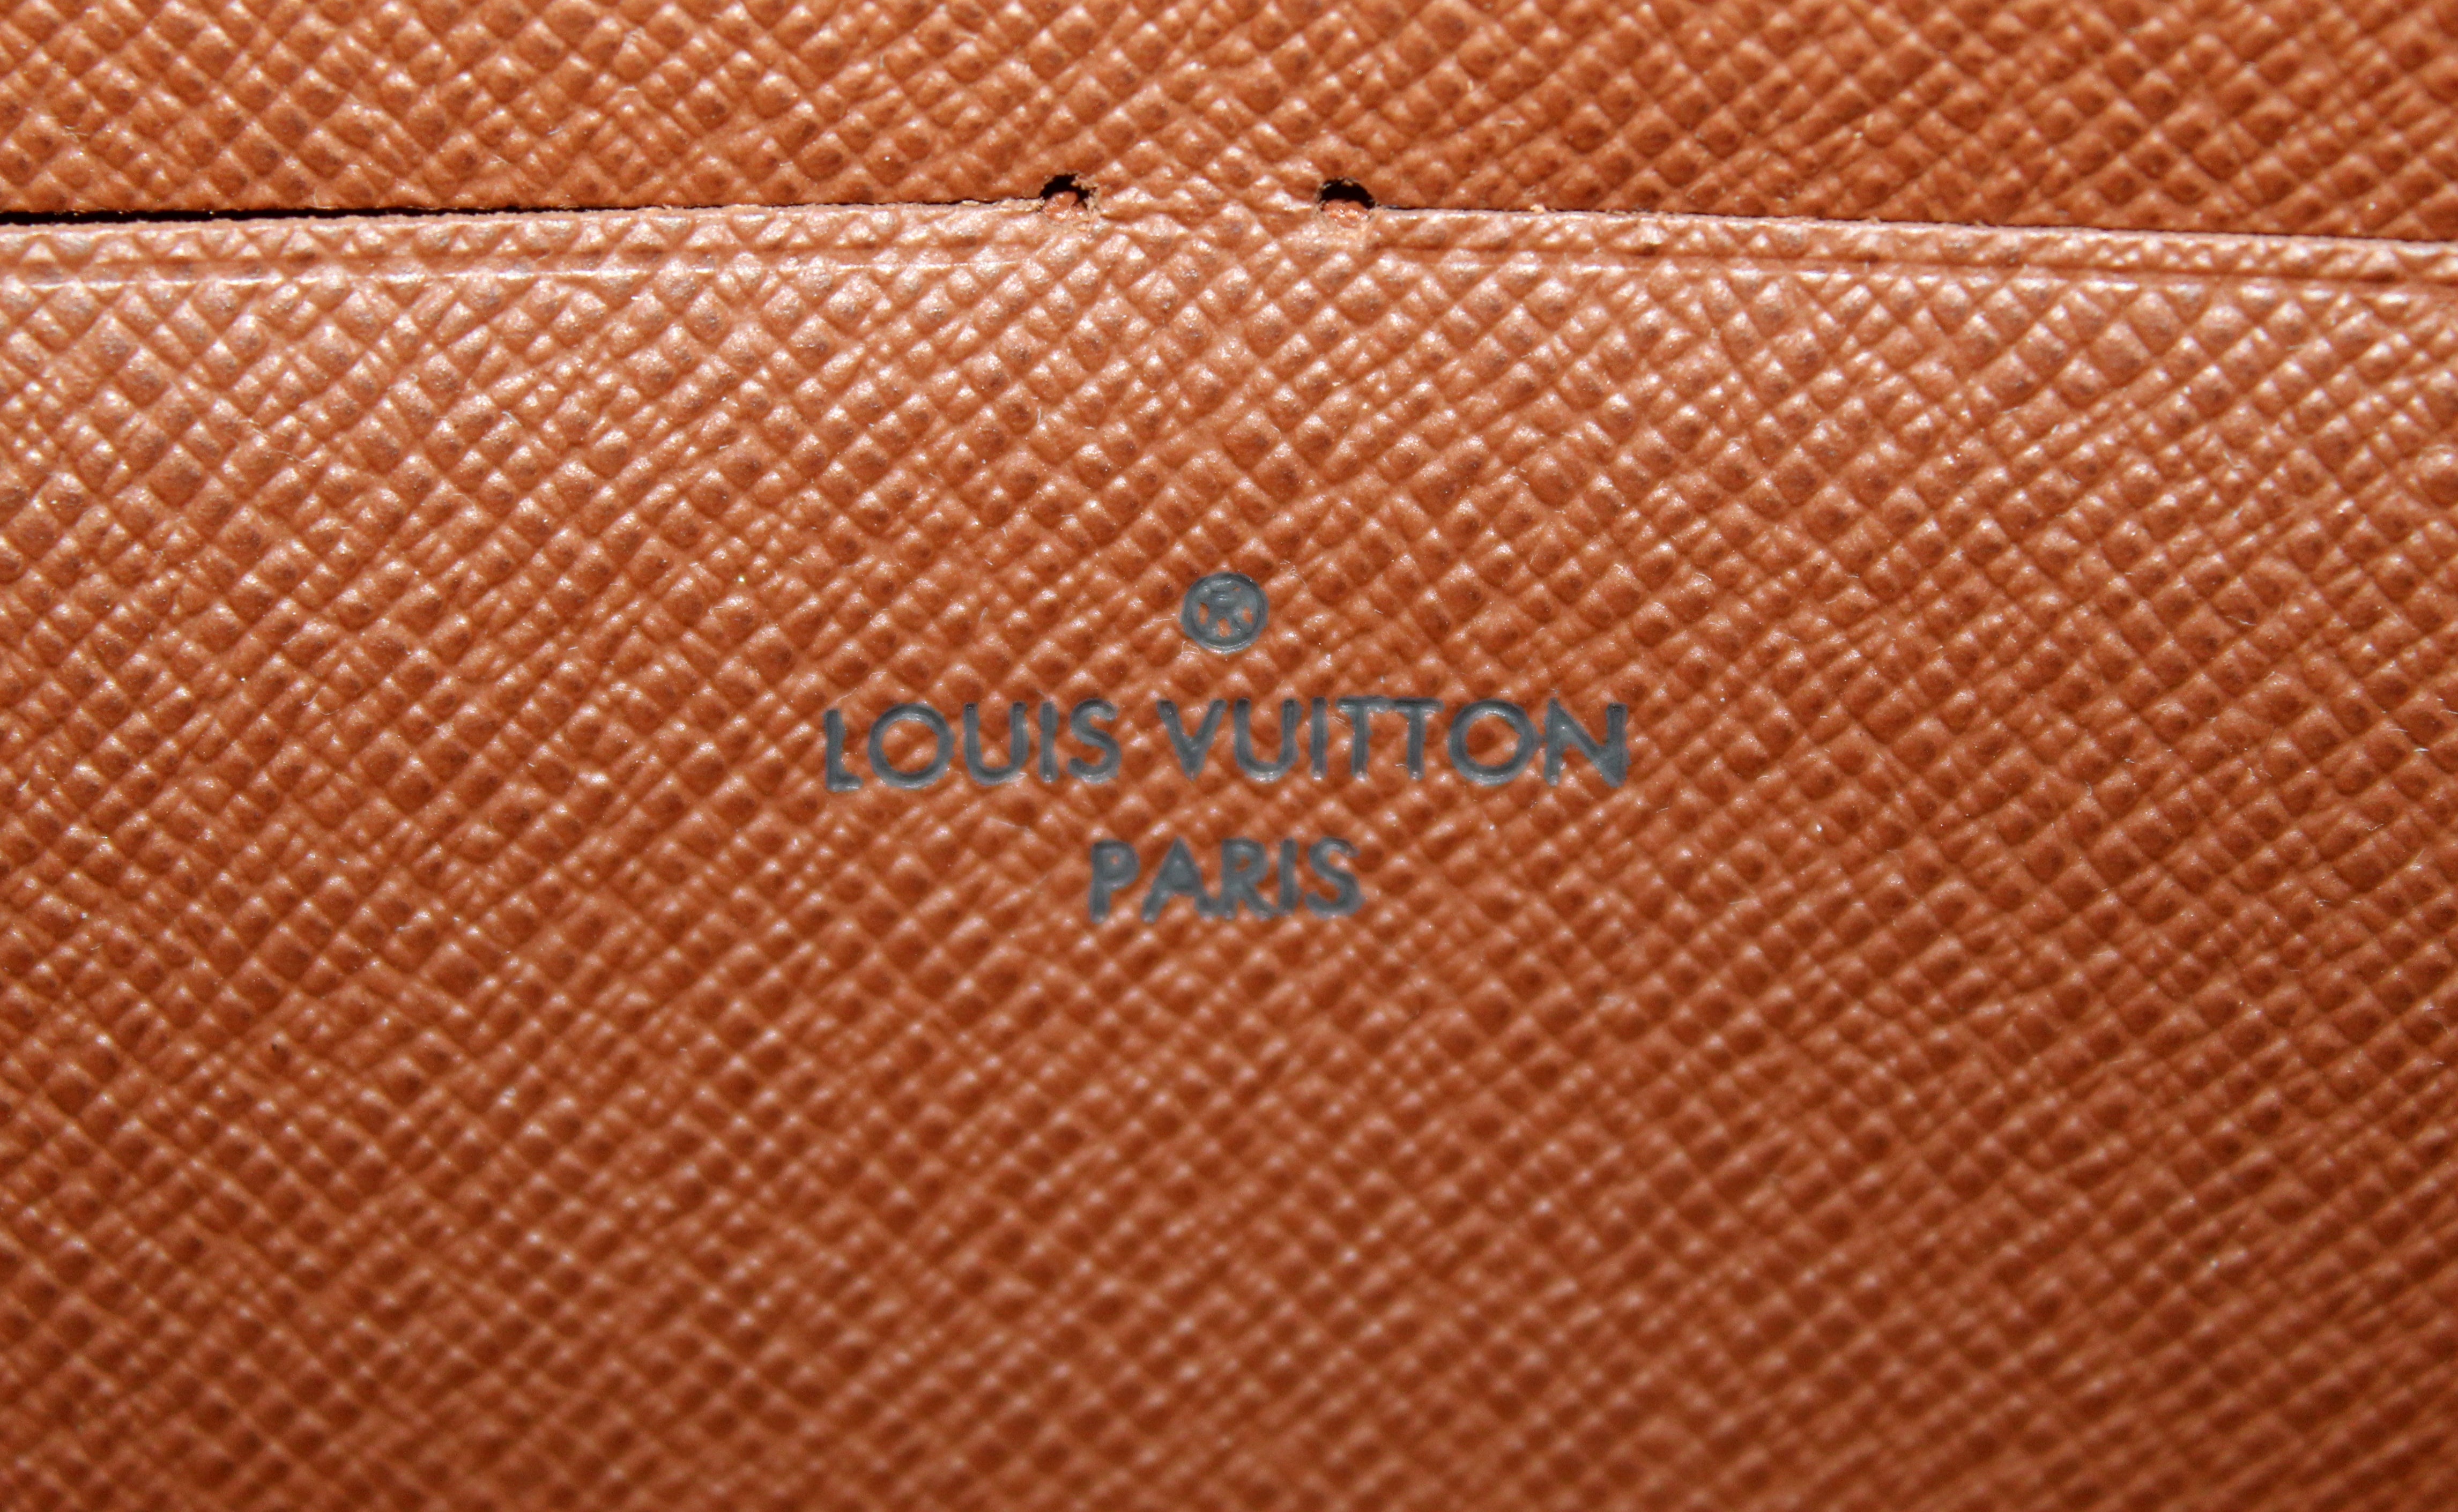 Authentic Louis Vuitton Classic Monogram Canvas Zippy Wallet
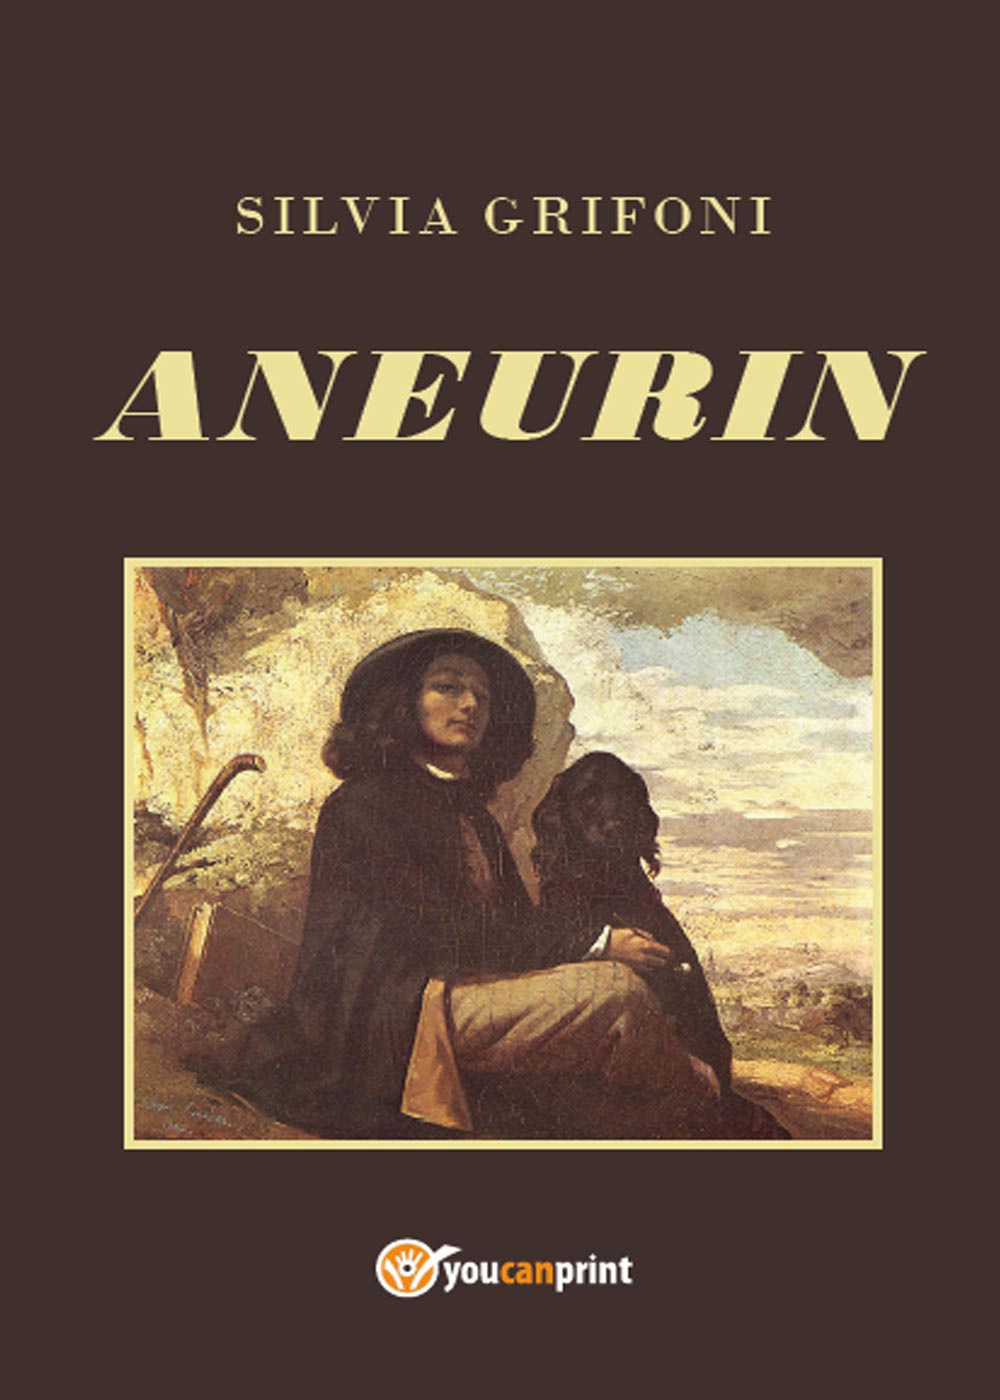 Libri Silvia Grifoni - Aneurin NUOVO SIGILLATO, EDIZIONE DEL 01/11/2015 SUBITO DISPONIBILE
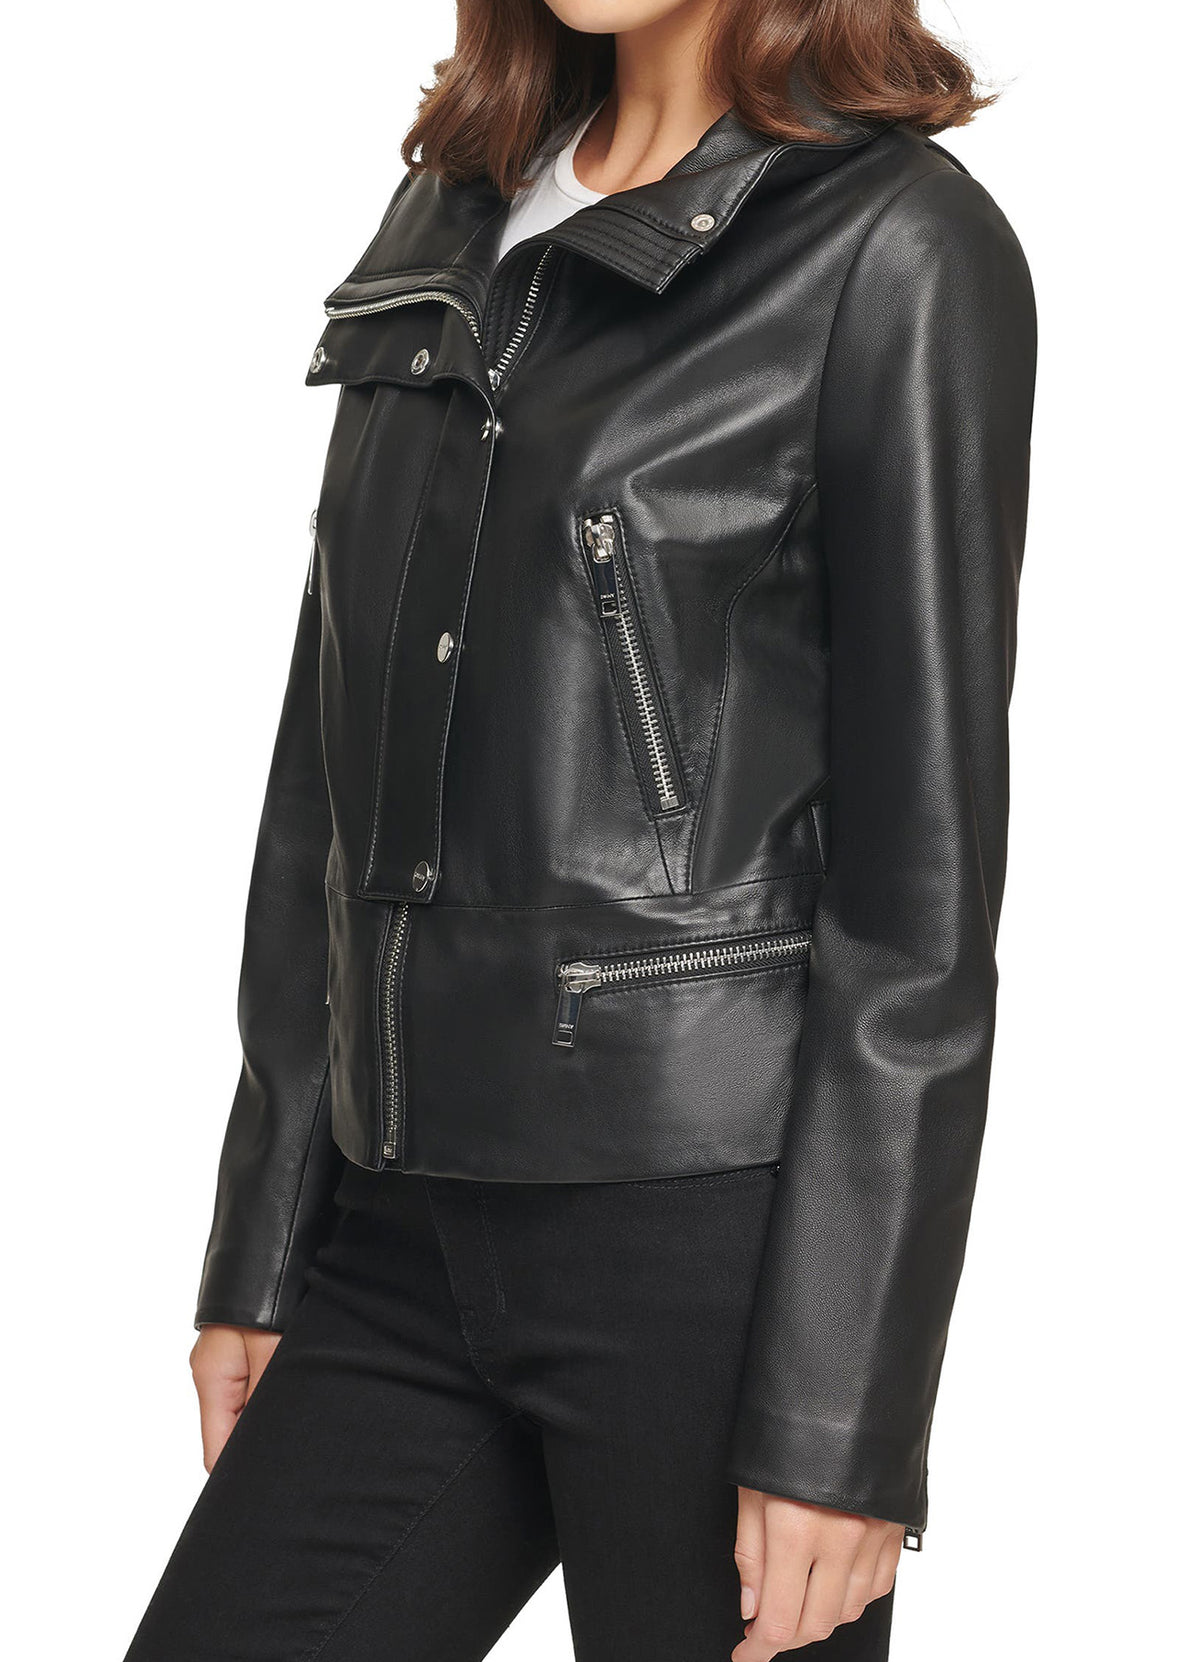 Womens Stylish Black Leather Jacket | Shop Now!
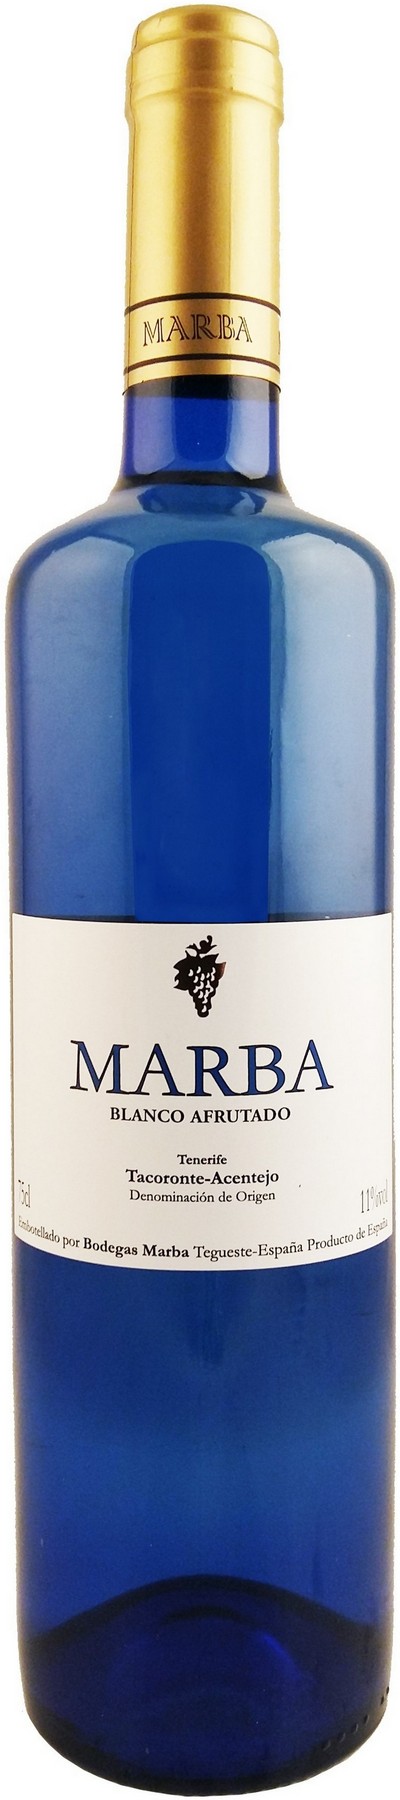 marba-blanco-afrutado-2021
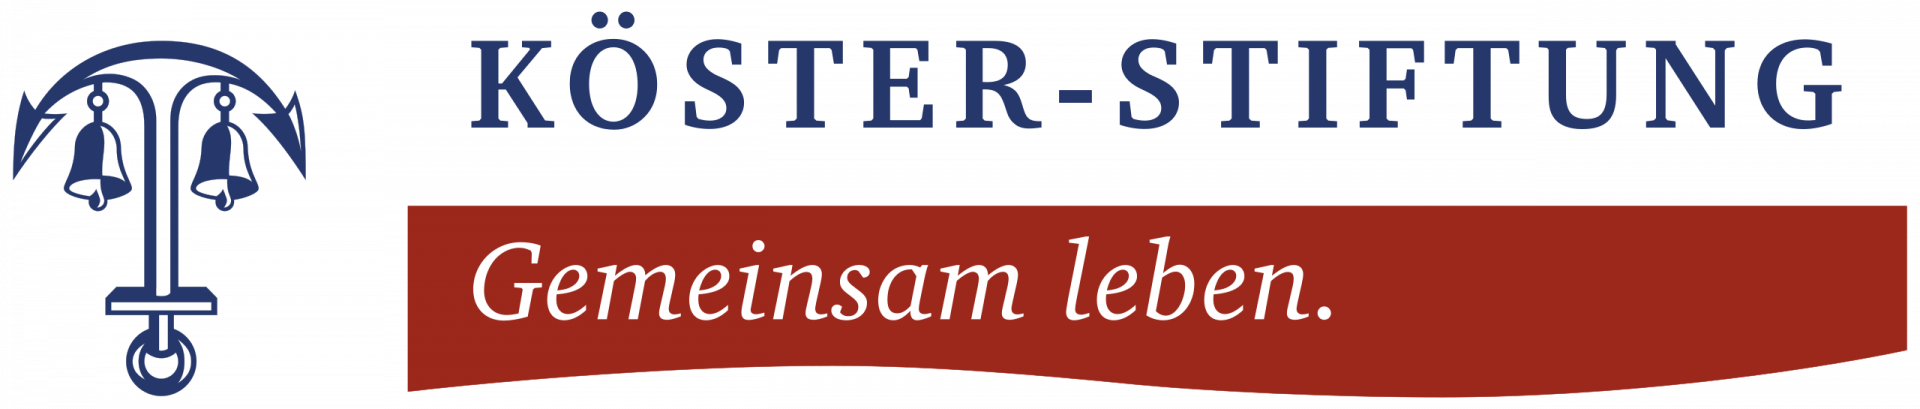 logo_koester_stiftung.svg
○ ○ ○
Pictures are to be omitted from the copy, and only the lines from the one containing "marba-blanco-afrutado-2021" through the final line of the listing above are to be written out exactly.

 marba-blanco-afrutado-2021
 logo_koester_stiftung.svg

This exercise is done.